Segundo a Receita, o mercado de equinos envolve empresas e pessoas físicas de grande poder econômico – alguns animais eram destinados a competições. A Alfândega do Aeroporto de Viracopos, em Campinas (SP), detectou subfaturamento na importação dos animais no interior do Estado.

“As investigações começaram em 2012, quando auditores-fiscais da Receita detectaram indícios de subfaturamento na importação de cavalos, especialmente aqueles destinados a competições nacionais e internacionais. Em um dos casos, o valor declarado pelo animal era de 20 mil euros (cerca de R$ 80 mil), mas a fiscalização detectou que o valor do animal era de 110 mil euros (aproximadamente R$ 440 mil)”, informou nota da Receita.

Foto: Receita Federal

Foto: Receita Federal

De acordo com o Fisco, o valor de um cavalo é determinado pelos fatores raça, genética, tamanho, idade, temperamento e capacidade de desempenho em provas e nível de treinamento. Um cavalo pode chegar a custar mais de 1 milhão de euros (valor superior a R$ 4 milhões).

“Além de apresentarem valores declarados muito inferiores aos pagos pelos cavalos, muitas das importações eram realizadas por meio de laranjas, com o objetivo de ocultar os reais beneficiários da operação. O mercado de comercialização desse tipo de animal não envolve apenas empresas, mas também pessoas físicas de grande poder econômico”, informou a Receita.

As ações de fiscalização já realizadas resultaram em autos de infração, com aplicação de multas e pena de perdimento (perda do bem) dos equinos irregularmente importados. Além da sonegação de tributos, foram identificados outros crimes, como estelionato, formação de quadrilha, descaminho, interposição fraudulenta, falsidade documental e lavagem de dinheiro.
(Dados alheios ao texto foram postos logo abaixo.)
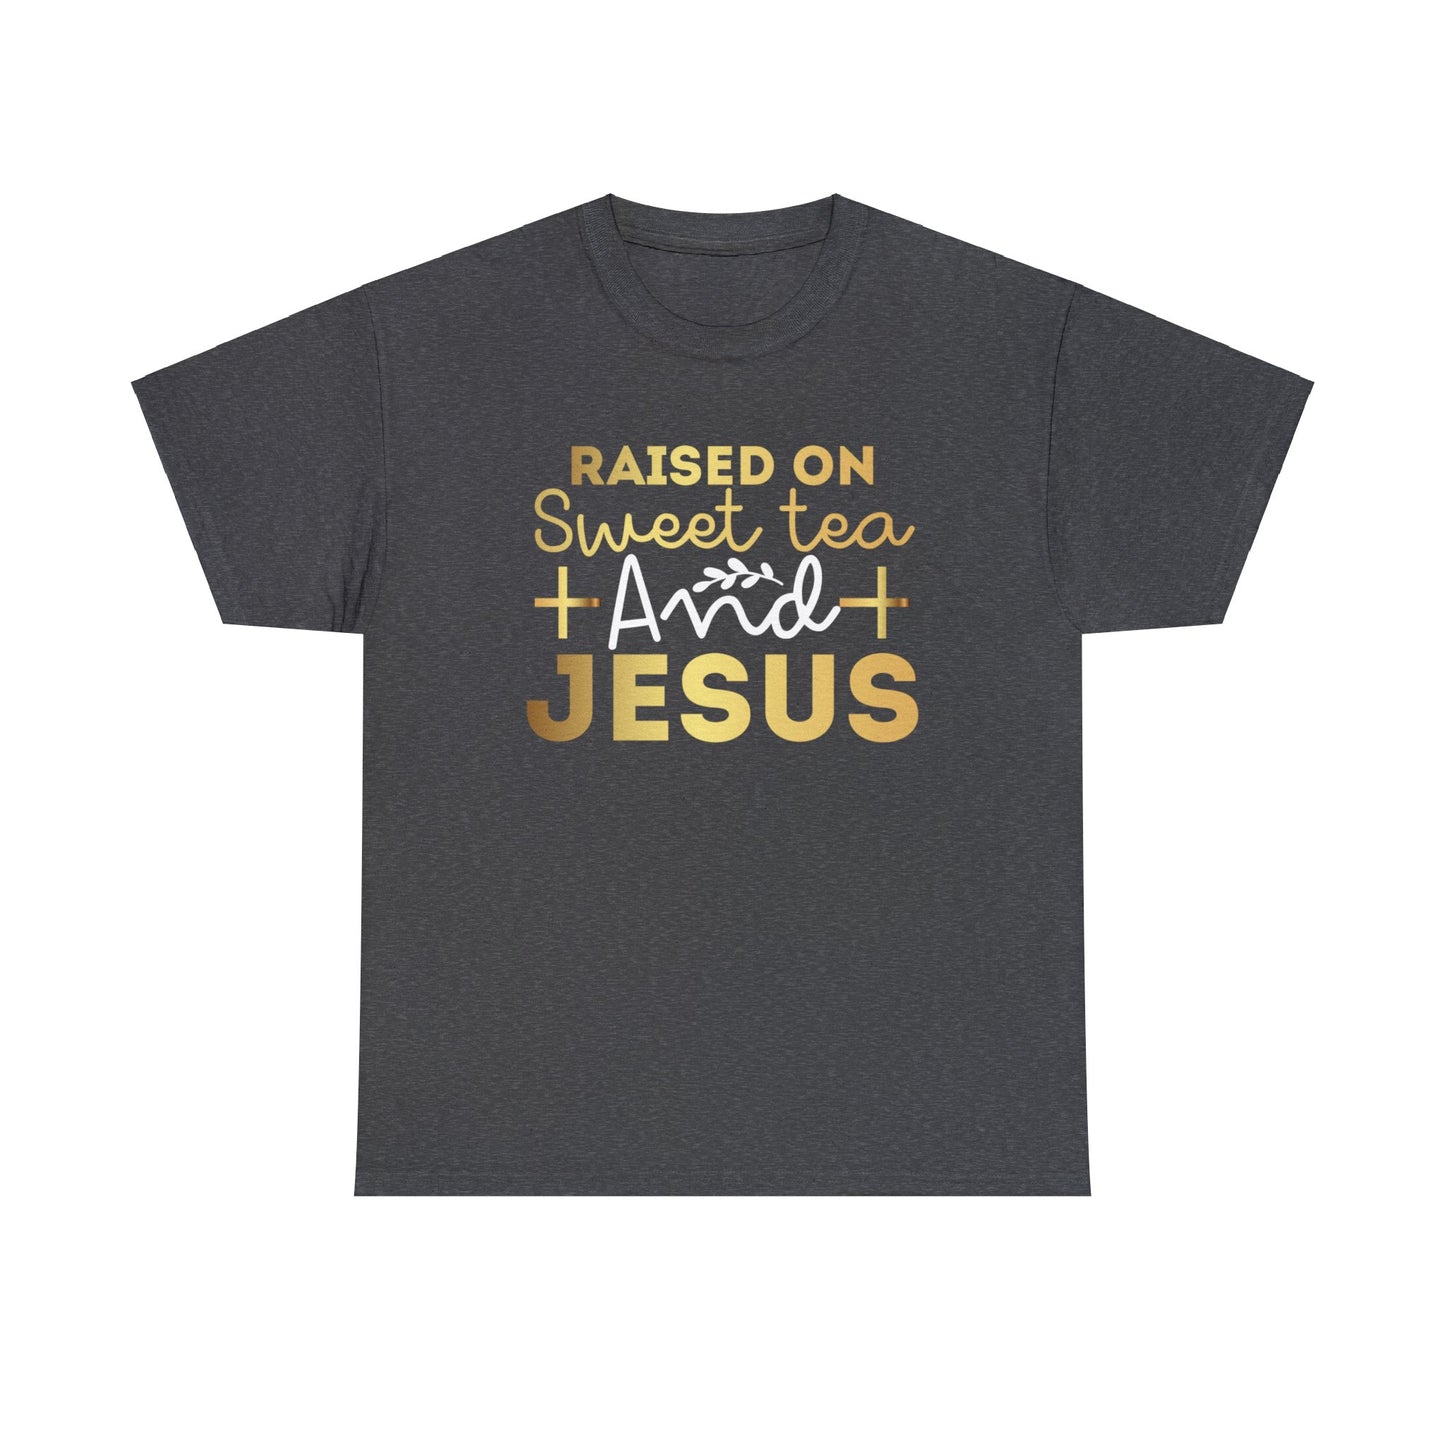 Raised On Sweet Tea and Jesus Shirt, Christian Shirt, Religious Shirt, Faith Tee (Faith-49)

Estão sendo cumpridos três mandados de prisão, 36 mandados de busca e apreensão, 15 mandados de condução coercitiva e 5 de sequestro de bens – cavalos pertencentes aos investigados. Participam desta etapa da operação 48 auditores-fiscais e analistas-tributários da Receita Federal. O trabalho está sendo realizado em 16 cidades dos estados de São Paulo, Rio de Janeiro, Amazonas, Minas Gerais, Paraná e Rio Grande do Sul.